My two cents on the “abortion is murder” sentiment:
I believe that abortion /is/ the act of taking a potential life or a life (depending on when it happens). I also believe that it is the person who is carrying the pregnancy's choice to end that life.
Pregnancy and birth is beautifully and dangerously intertwined with death (life and death are part of each other, after all). Spontaneous abortion occurs in 20% of pregnancies, and fetal demise and intrauterine death are not uncommon (though less so in the industrialized world due to medical intervention that allows baby's to be born well before their time or to keep babys in the mother's body). It happens for a million reasons, but it boils down to two categories: a) the placenta or fetus had abnormalities that weren't compatible with continuing its own life b) something about the mother's body wasn't compatible with carrying another life.

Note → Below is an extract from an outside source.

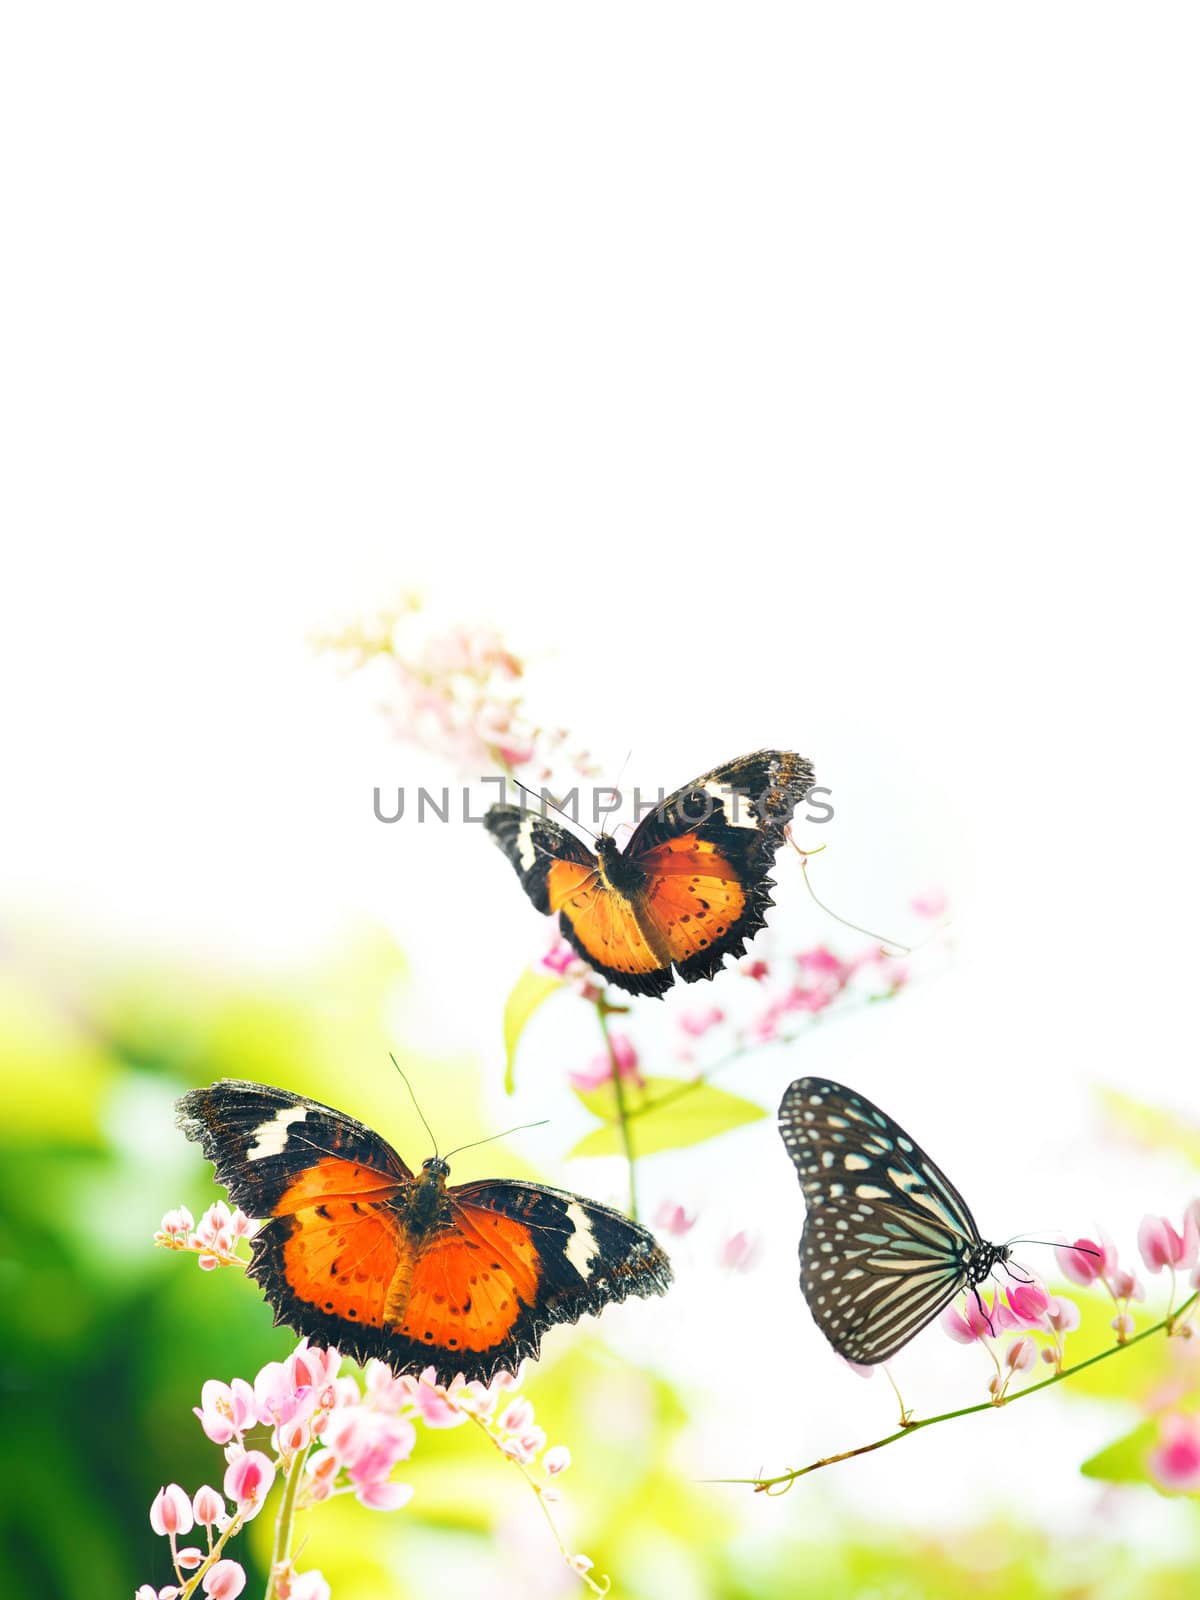 Butterflies on flowers by szefei

A maternal infection can cause spontaneous abortion or still birth, as can gestational diabetes mellitus, malnutrition, stress, psychological trauma, environmental toxins, etc. Miscarriage or still birth can occur when the mother's body literally attacks the child's blood and body as in cases of Rh sensitization, etc. In all of these cases (we assume) a perfectly healthy, viable life is ended because a person cannot support another life if their own is endangered by external forces or by the pregnancy itself.

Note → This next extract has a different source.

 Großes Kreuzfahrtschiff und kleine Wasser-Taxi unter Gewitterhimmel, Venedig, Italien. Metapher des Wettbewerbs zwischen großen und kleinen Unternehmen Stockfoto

Why then, is the choice to choose one's own life over another considered outside the realm of morality and malicious blame only when there is a clear diagnosable medical or biological component. What of those whose emotional health and well being are threatened by a pregnancy, what of someone whose ability of provide for themselves physically (by way of finances) would be in jeopardy, or whose whole way of life and what they value is endangered by having to sustain another life in utero and after? There is a great quote in the Jane zine “I know some people say it's wrong, abortion, that you shouldn't take a life. And maybe you did take a life. But it's all give and take isn't it? My mother always said that everything always comes down to give and take. So, the baby today, that was the taking – and me, me, my own life, I think that was the giving.”
Life necessitates death to sustain life.This reality is only excepted in context of animal and plant life - but as anarchists we should recognize that humans are part of the web of this. Who is any one else to force someone sacrifice their own life for another. Many anarchists would argue that if an abusive partner was threatening a person, that person would be justified in ending the abusers life. That taking a cop or politician's life is part of bringing about some people's freedom. So and so on. The issue is a moral stance on who is justified to defend their life and who is allowed to dictate what defines defending ones own life.
*edited to fix my habitually bad spelling/typing.